▶ Source information:
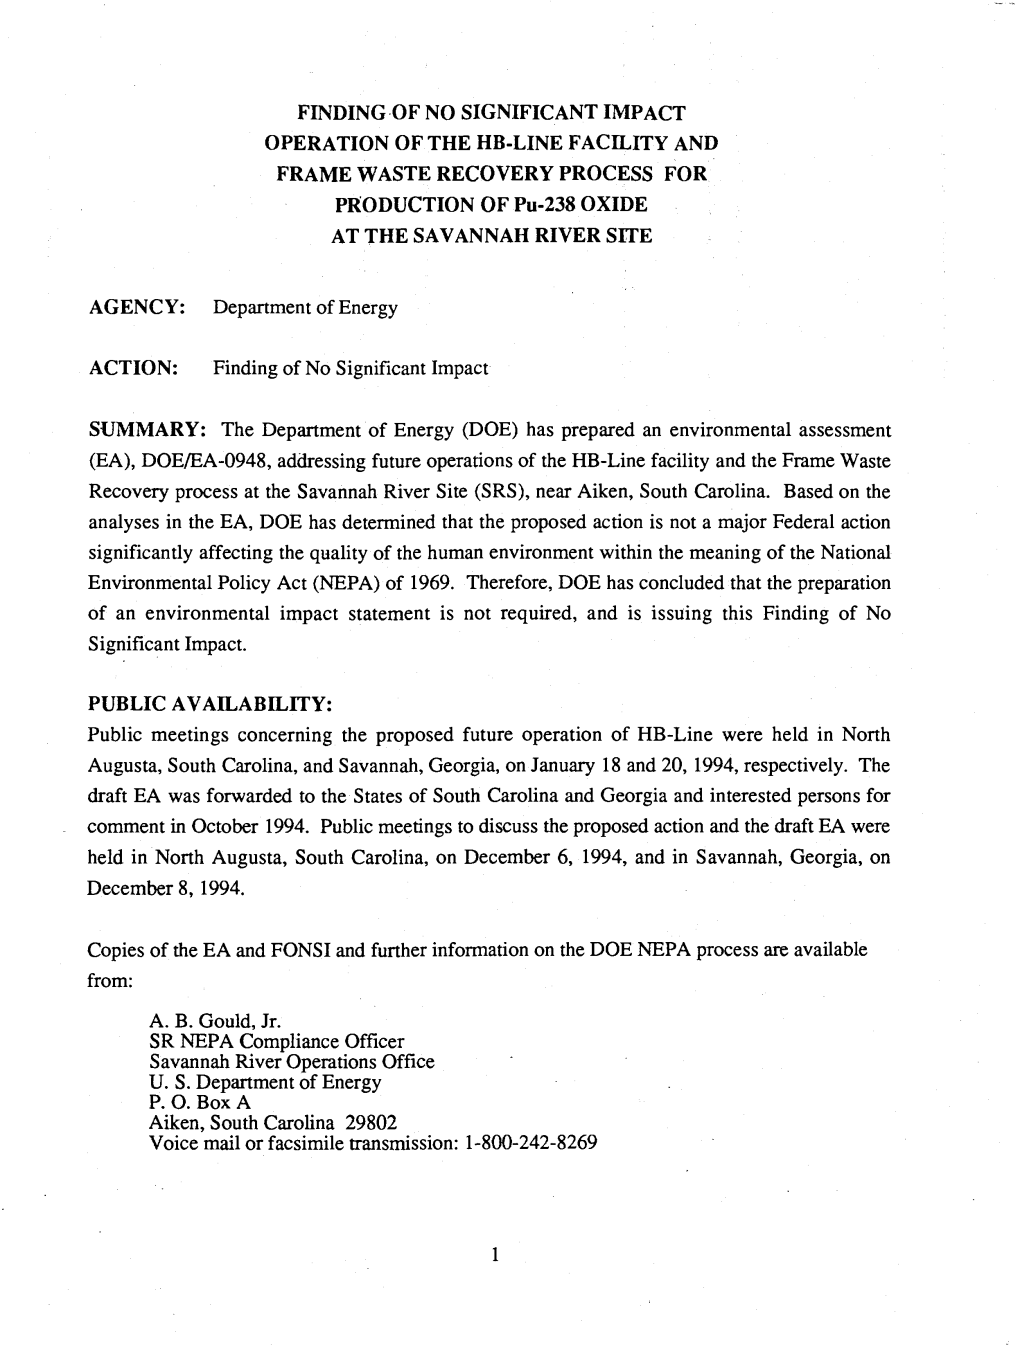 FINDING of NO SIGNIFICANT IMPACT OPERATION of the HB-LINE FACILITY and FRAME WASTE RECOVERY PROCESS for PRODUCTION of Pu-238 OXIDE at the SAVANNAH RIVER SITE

==

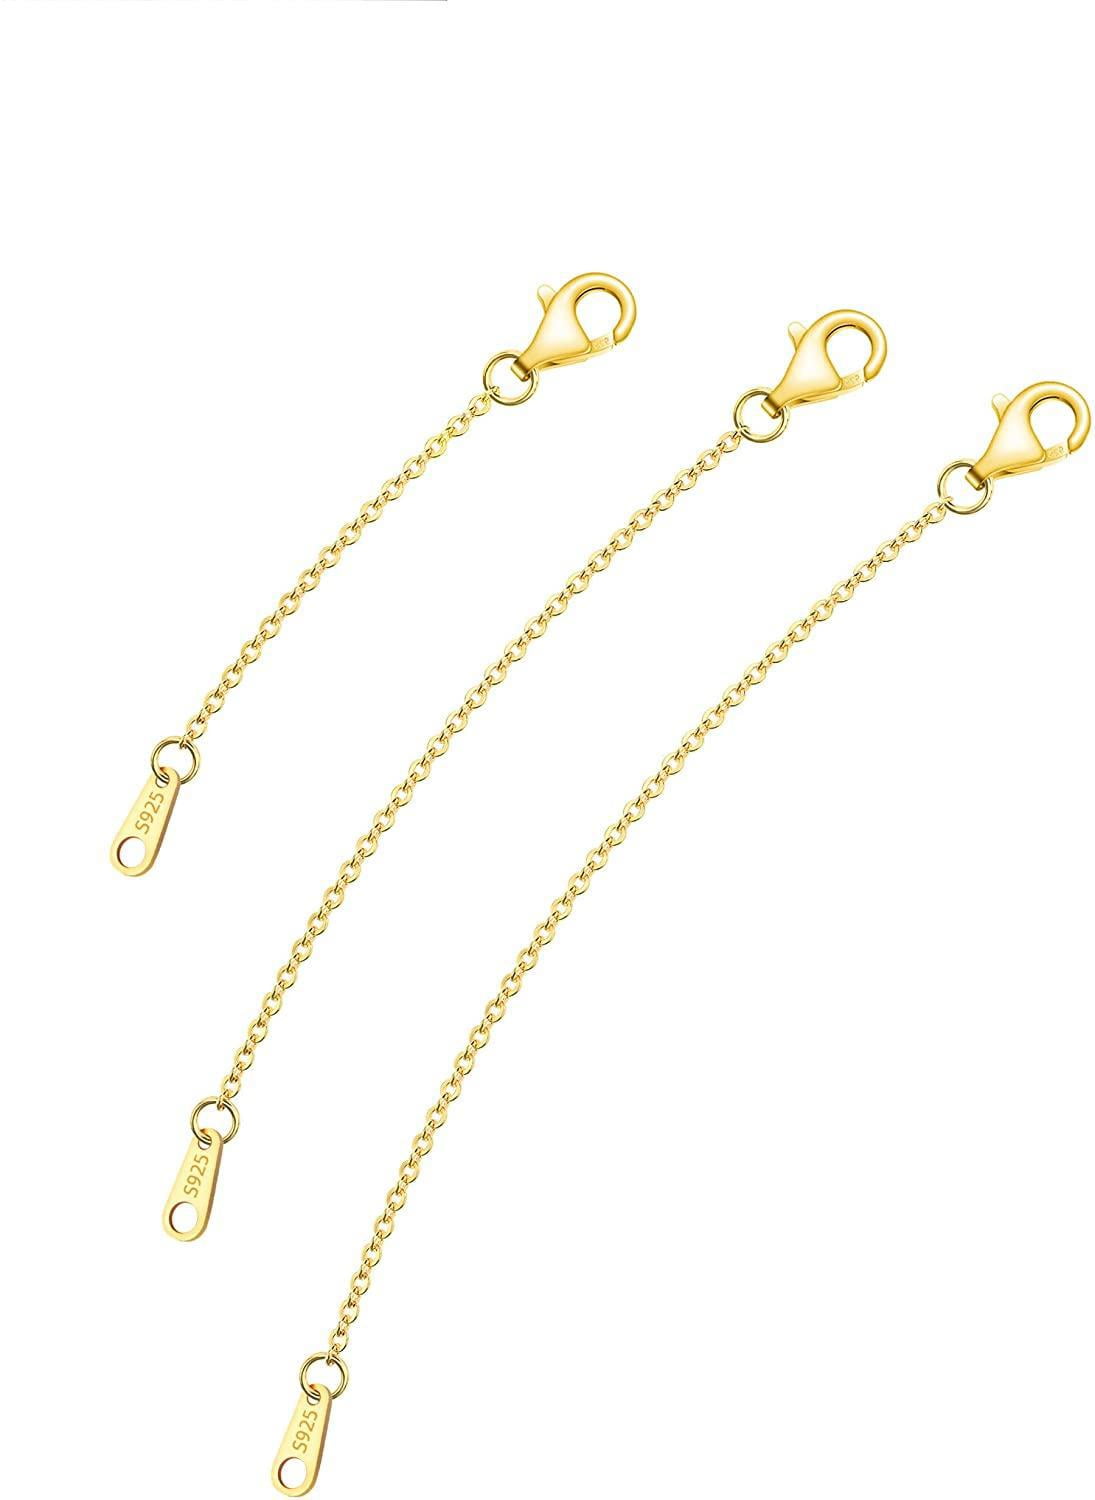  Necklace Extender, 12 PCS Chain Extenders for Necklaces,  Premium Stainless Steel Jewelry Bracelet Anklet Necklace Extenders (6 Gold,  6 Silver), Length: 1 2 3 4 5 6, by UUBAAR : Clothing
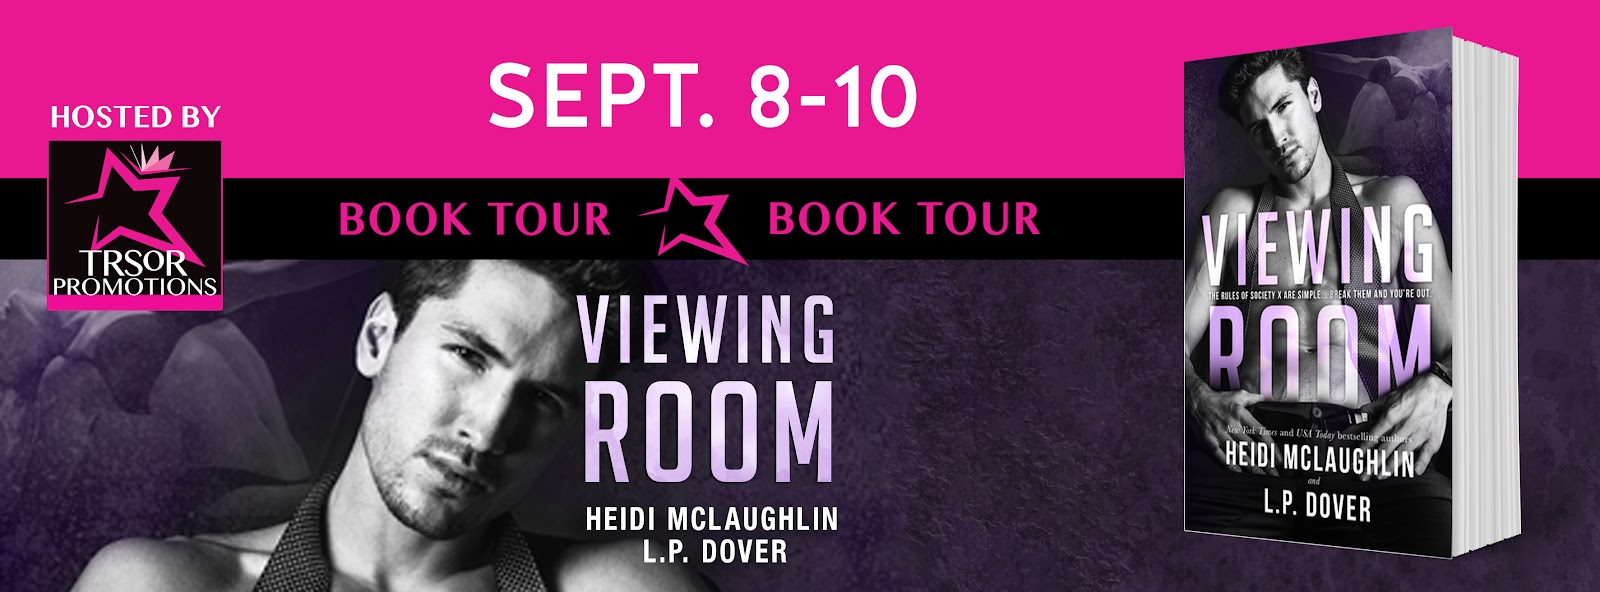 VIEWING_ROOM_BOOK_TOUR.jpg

==

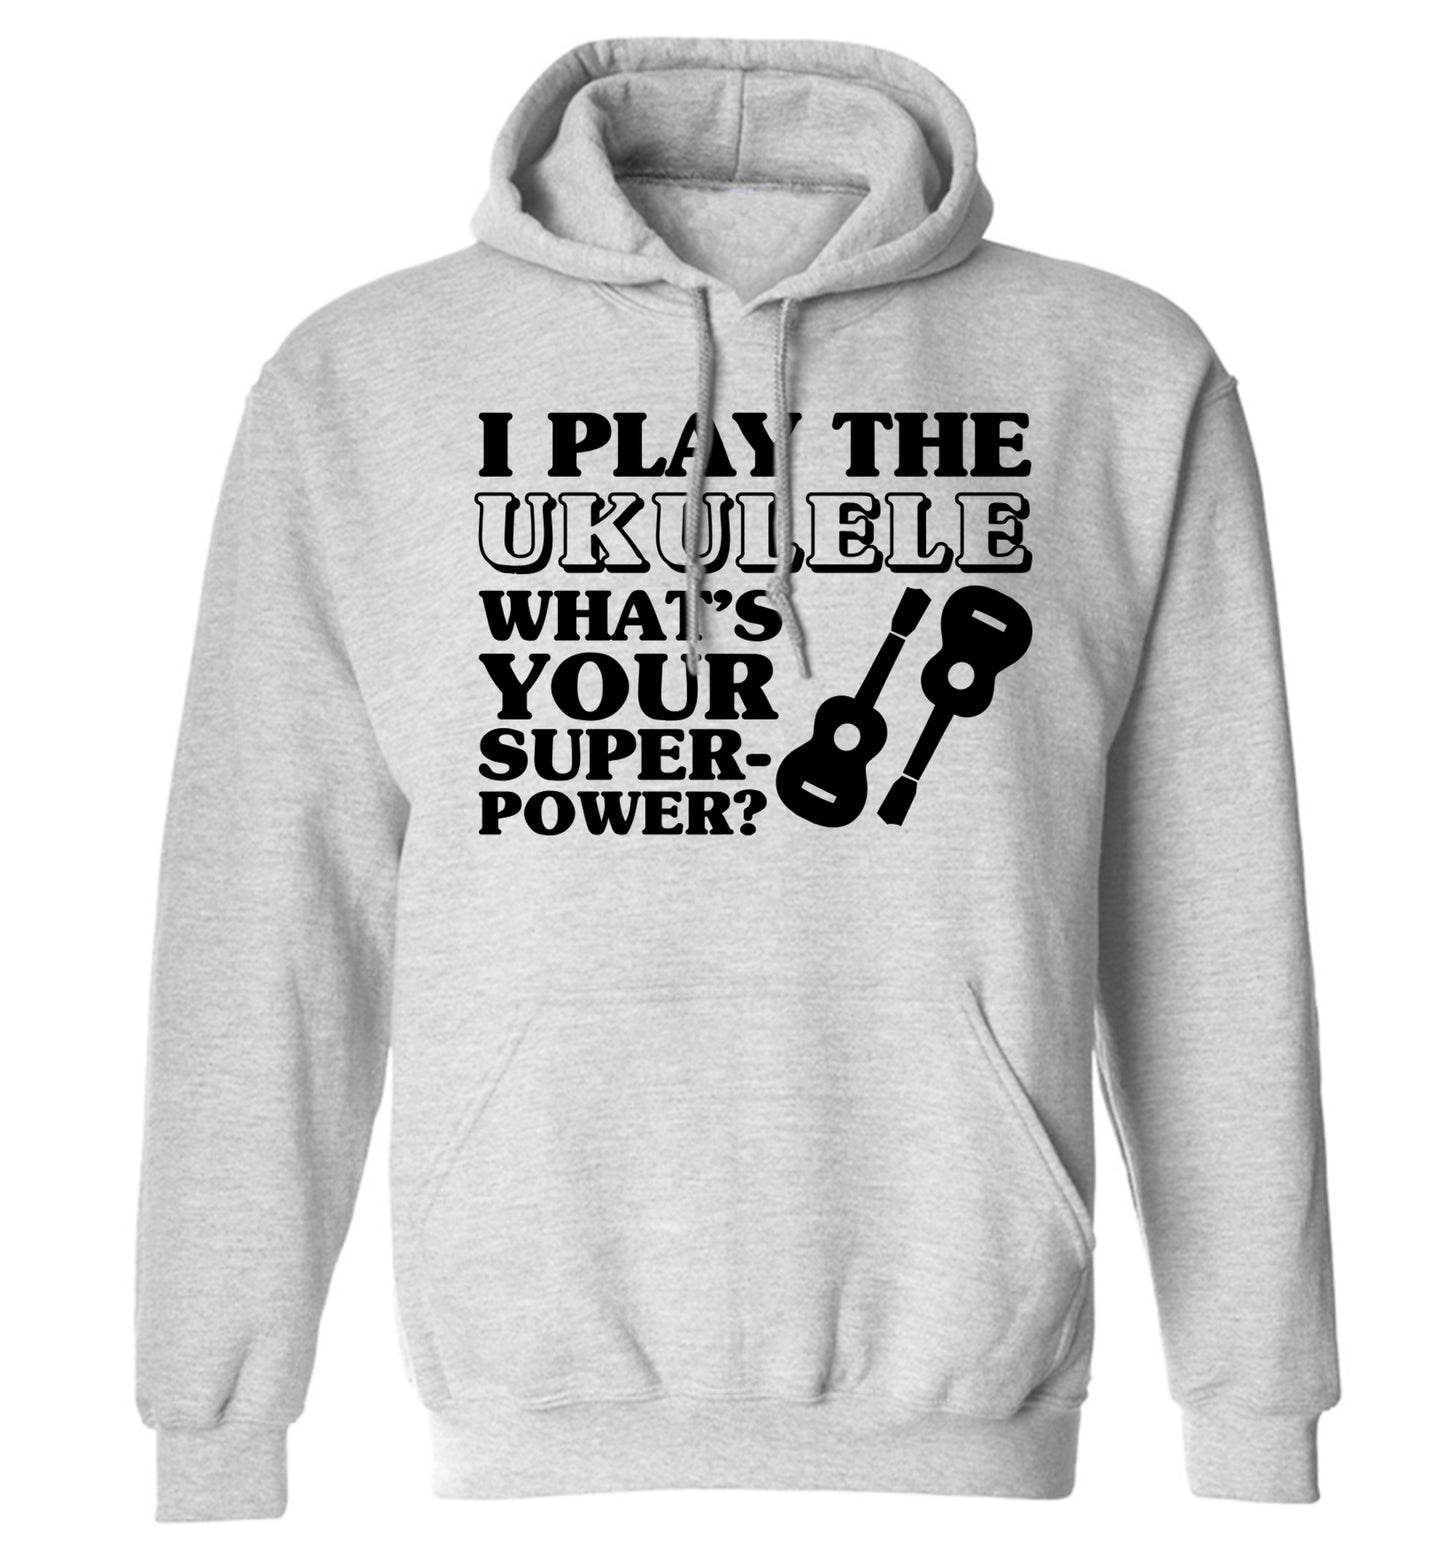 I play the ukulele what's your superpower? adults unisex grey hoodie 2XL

▶ What you should do:
Using the entries above, repeat exactly the lines from the one with "Necklace Extender, 12" to the one with "VIEWING_ROOM_BOOK_TOUR.jpg", both included, and leave the pictures behind.

▶ The answer:
  Necklace Extender, 12 PCS Chain Extenders for Necklaces,  Premium Stainless Steel Jewelry Bracelet Anklet Necklace Extenders (6 Gold,  6 Silver), Length: 1 2 3 4 5 6, by UUBAAR : Clothing
 VIEWING_ROOM_BOOK_TOUR.jpg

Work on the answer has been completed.